Israel Putnam, the legendary general of the French and Indian and Revolutionary Wars, is considered Connecticut’s first authentic folk hero. Putnam was born in Salem, Massachusetts, in 1718. An outdoorsman from childhood, he moved to Pomfret in 1739 to establish a farm. In 1755, Putnam was commissioned as a Lieutenant in the Connecticut militia for the duration of the French and Indian War. His career included single handedly saving Fort Edwards in West Virginia from being blown up when its magazine of 300 barrels of gunpowder caught fire, capturing a French warship with just a hammer and a few boards by wedging them between the ship’s rudder and hull, as well as nearly being burnt at the stake when he was captured by the Caughnawega Indians during a campaign in New York.
What many people may know about Putnam came with the outbreak of the Revolutionary War in 1775 when he was 57 years old. Upon word of hostilities in Concord and Lexington, it is said that Putnam left his plow in his field and rode a horse for 18 hours straight to Massachusetts. There he took command of the newly formed, untested militia and fought the British, inspiring his troops with the famous quote, “Don’t fire until you see the whites of their eyes.”
Stricken by stroke in 1779, he retired to his farm to live out the remainder of his life hosting a variety of veterans, friends, notables and hero-worshippers. He died May 29, 1790. His remains are buried in the base of a monument to him on the Brooklyn Town Green, formerly part of Pomfret.
Joseph Pratt Allyn, a local merchant, commissioned John Quincy Adams Ward to create the statue of Israel Putnam, wanting a historical figure identified with the state in Bushnell Park. Ward was a preeminent sculptor in his day. His commissions include The Indian Hunter, bronze statue in Central Park, 1864; the Garfield Monument, bronze, Washington, D.C., 1887; and The Pediment on the New York Stock Exchange, marble, 1903. Ward also sculpted the allegorical figures that encircle the dome of the Connecticut State Capitol.
Ward was known for his painstaking research into likeness and attire. The Israel Putnam statue was the first of six Revolutionary War memorials he executed, and his first commission after a key trip to Europe in 1872. In Ward’s rendering of Putnam taking a step forward, he is no longer a static figure but a candid portrayal of a fleeting moment as the general strides forth, a sword under his arm. It is believed that Ward learned this technique in France, which gave his works a more natural, spontaneous character and heightened the realism of his sculpture. While a radical departure from his work in the post-Civil War period, this statue marks a new and important dimension in his work.

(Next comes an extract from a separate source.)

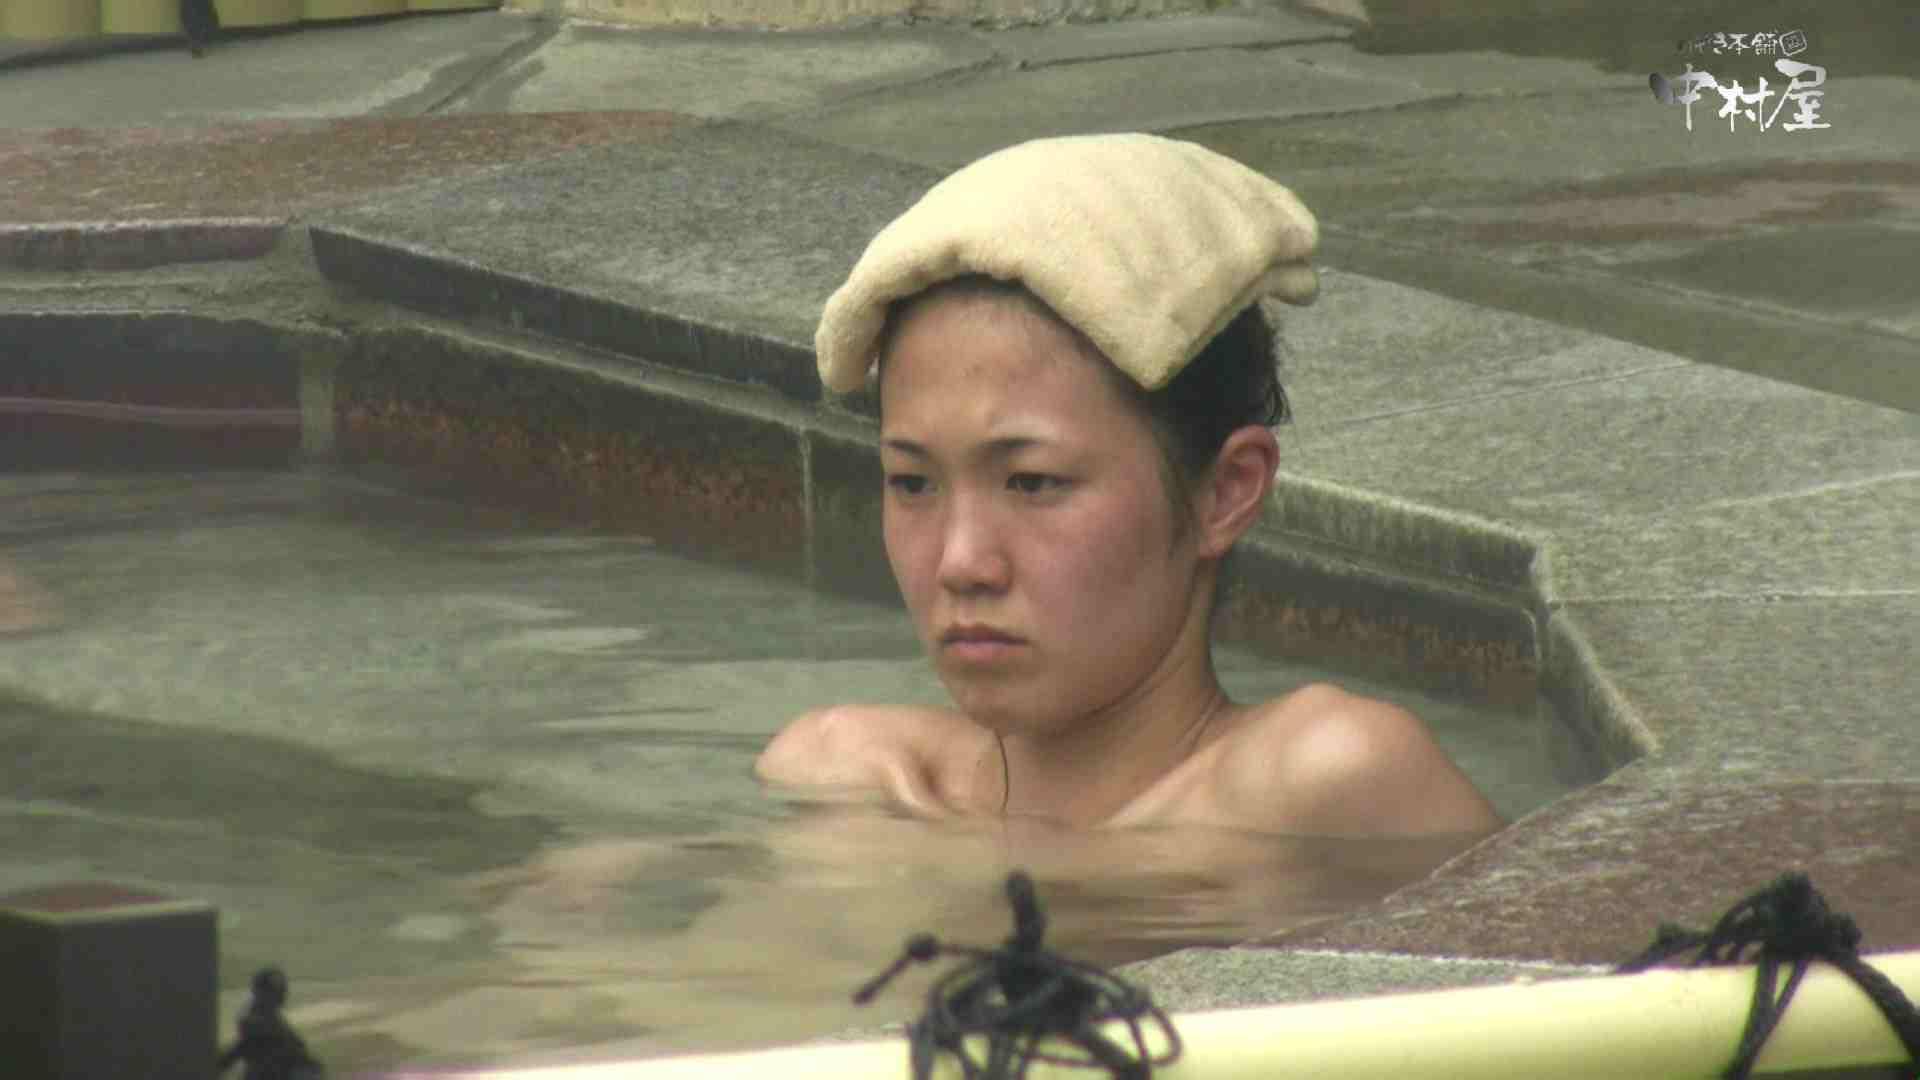 Aquaな露天風呂Vol.889 0  87連発 74

The statue was dedicated in June 1874.
Note: Dr. Horace Bushnell, the “father” of Bushnell Park, attended the dedication of the statue in June 1874. He was told that Hartford citizens were certain to want a statue of him, too. “Where would you like it to be?” a friend asked. Dr. Bushnell looked all around and, pointing with his cane, quipped, “Down under the bridge yonder!” To this day, there is no statue or monument in the park in memory of Horace Bushnell.